- **Task goal**: Exactly and only the lines below from the one containing "报纸印刷厂-图书印刷-教材印刷-印刷画册-郑州印刷厂-河南日报印务中心" down to the one containing "Louis Vuitton black" are wanted, both included; please exclude every picture.

- **Exercise materials**:
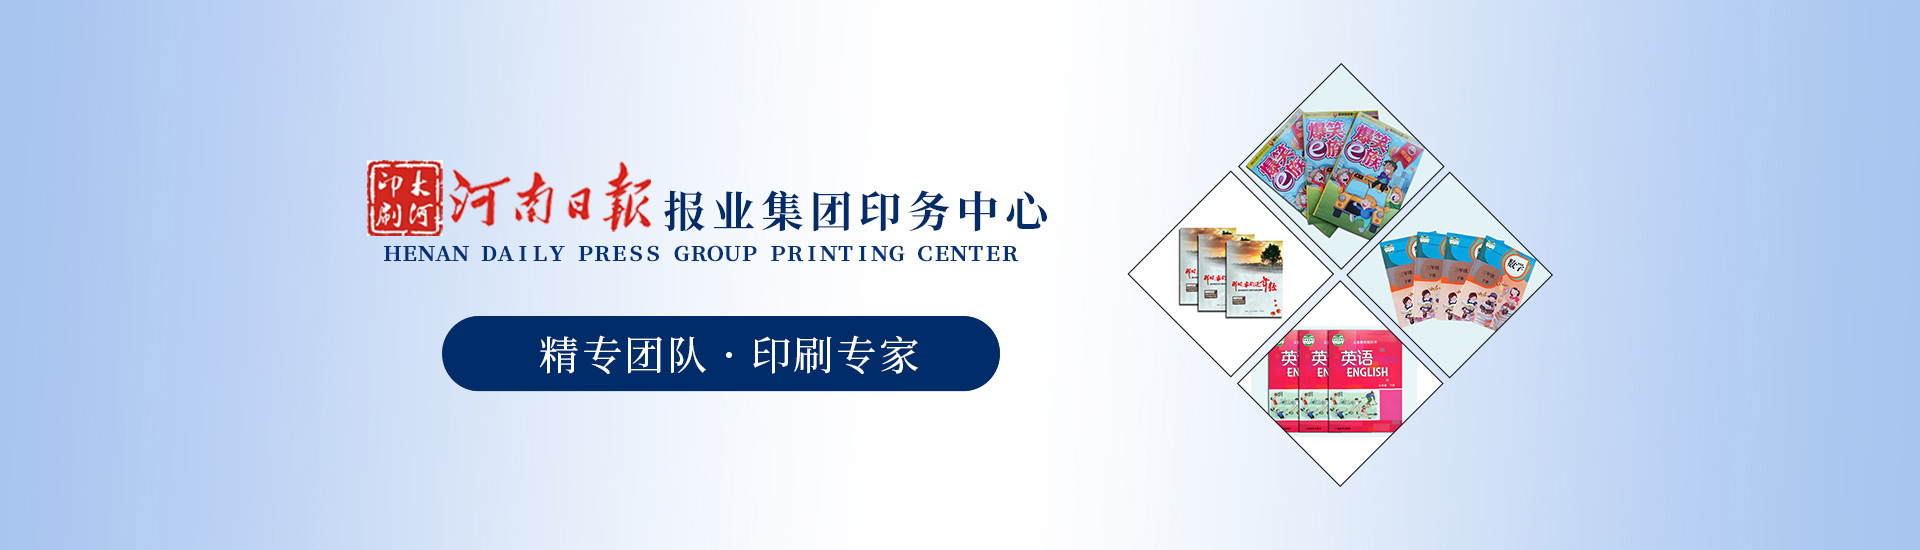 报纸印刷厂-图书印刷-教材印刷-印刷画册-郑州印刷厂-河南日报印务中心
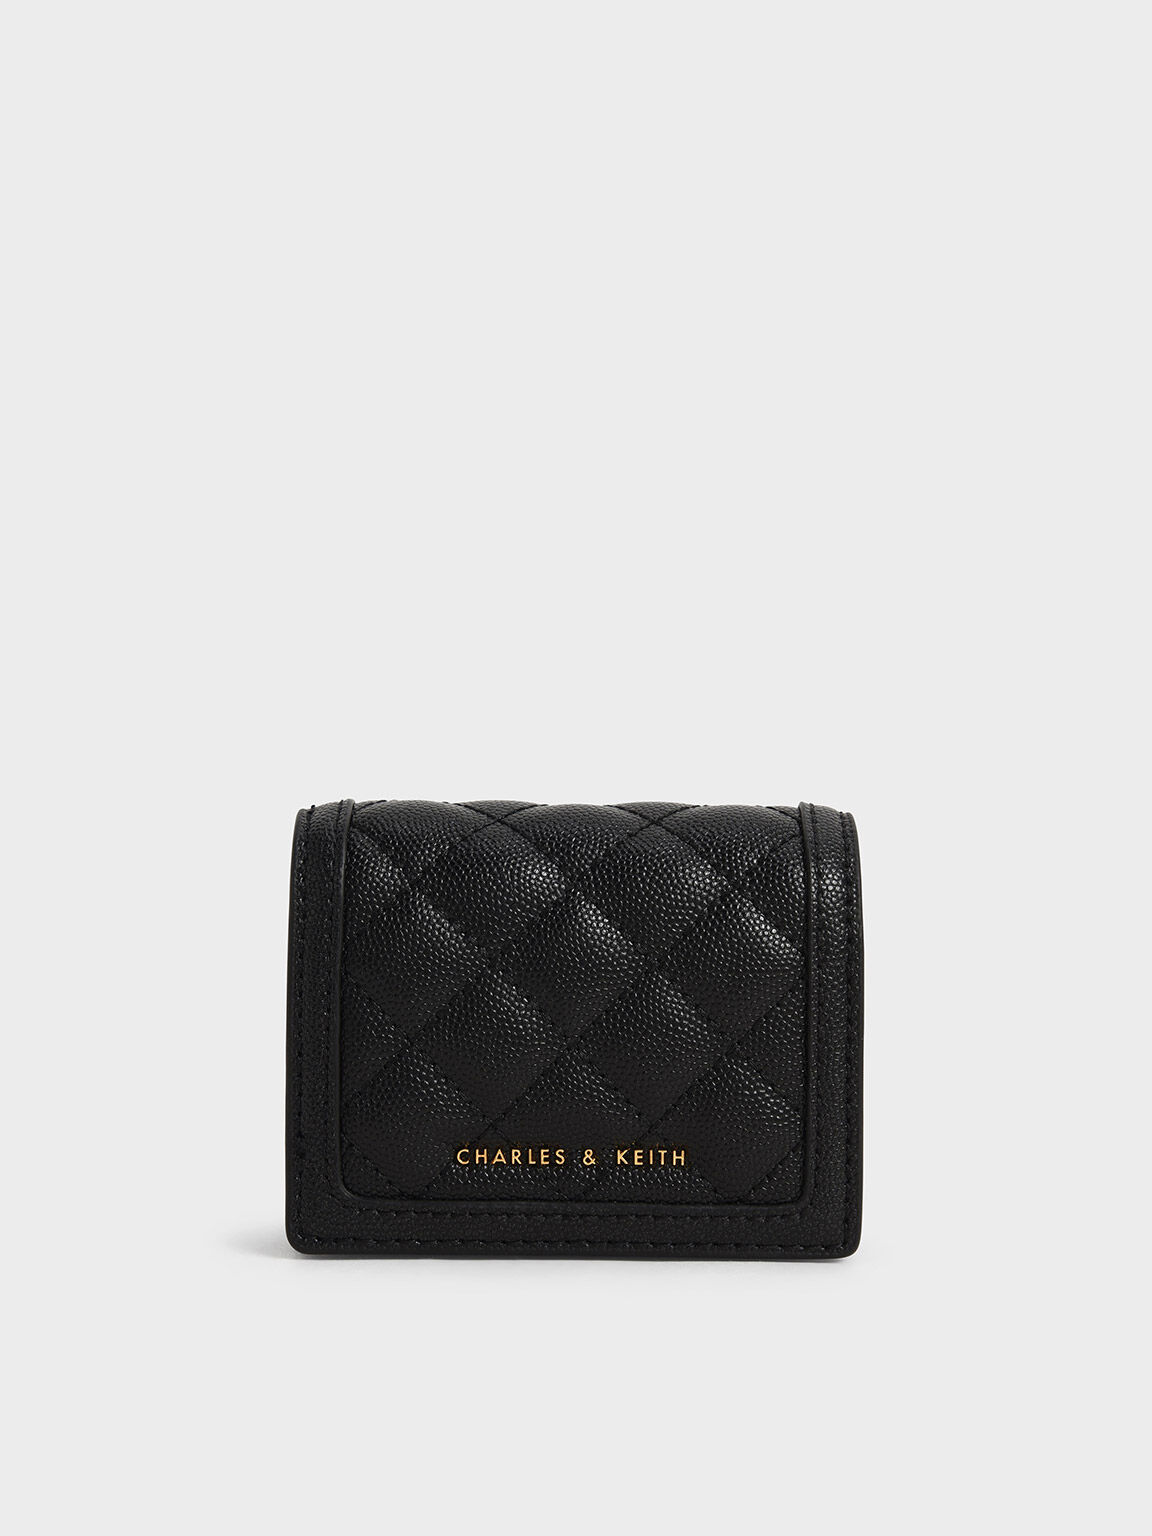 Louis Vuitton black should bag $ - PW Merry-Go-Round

--

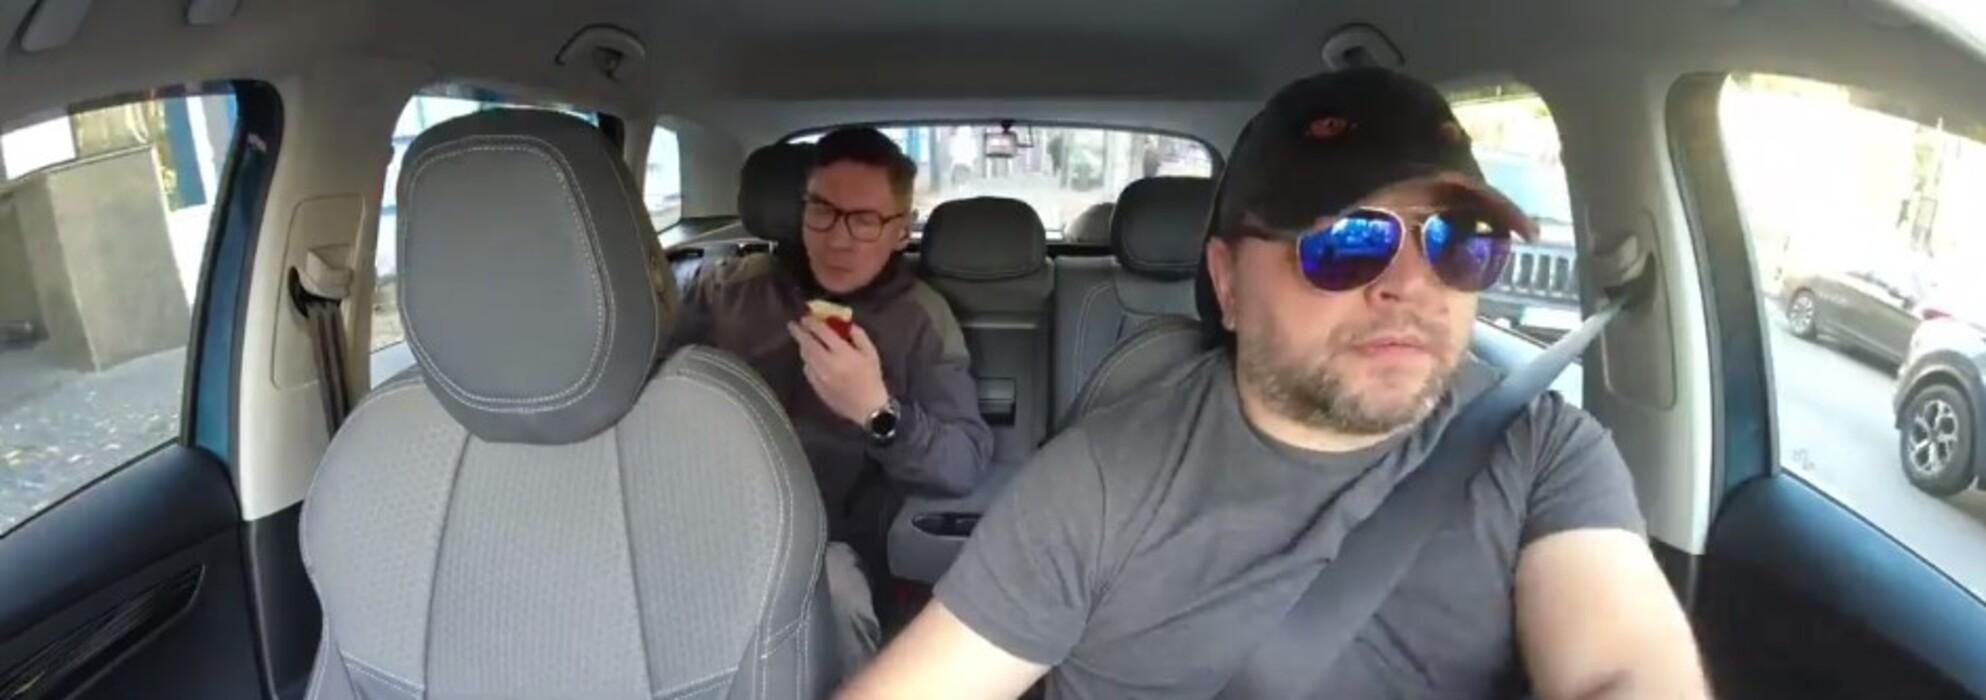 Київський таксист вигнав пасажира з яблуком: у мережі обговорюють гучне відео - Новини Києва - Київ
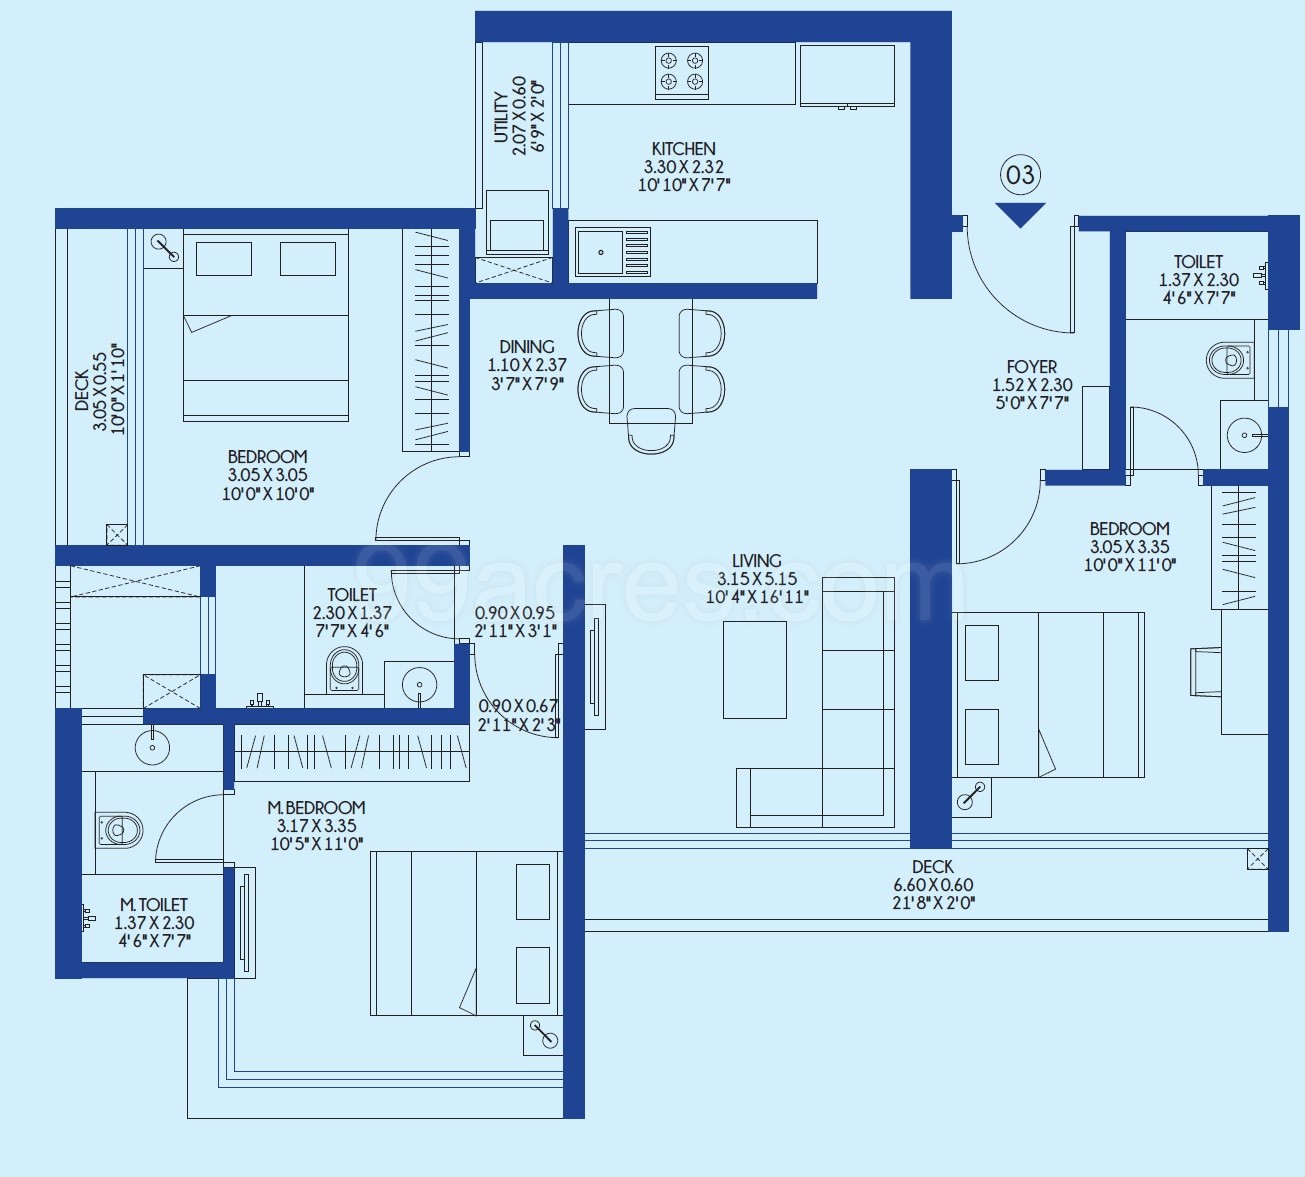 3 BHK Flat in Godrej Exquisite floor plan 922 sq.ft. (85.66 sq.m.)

- **The answer**:
 报纸印刷厂-图书印刷-教材印刷-印刷画册-郑州印刷厂-河南日报印务中心
 Louis Vuitton black should bag $ - PW Merry-Go-Round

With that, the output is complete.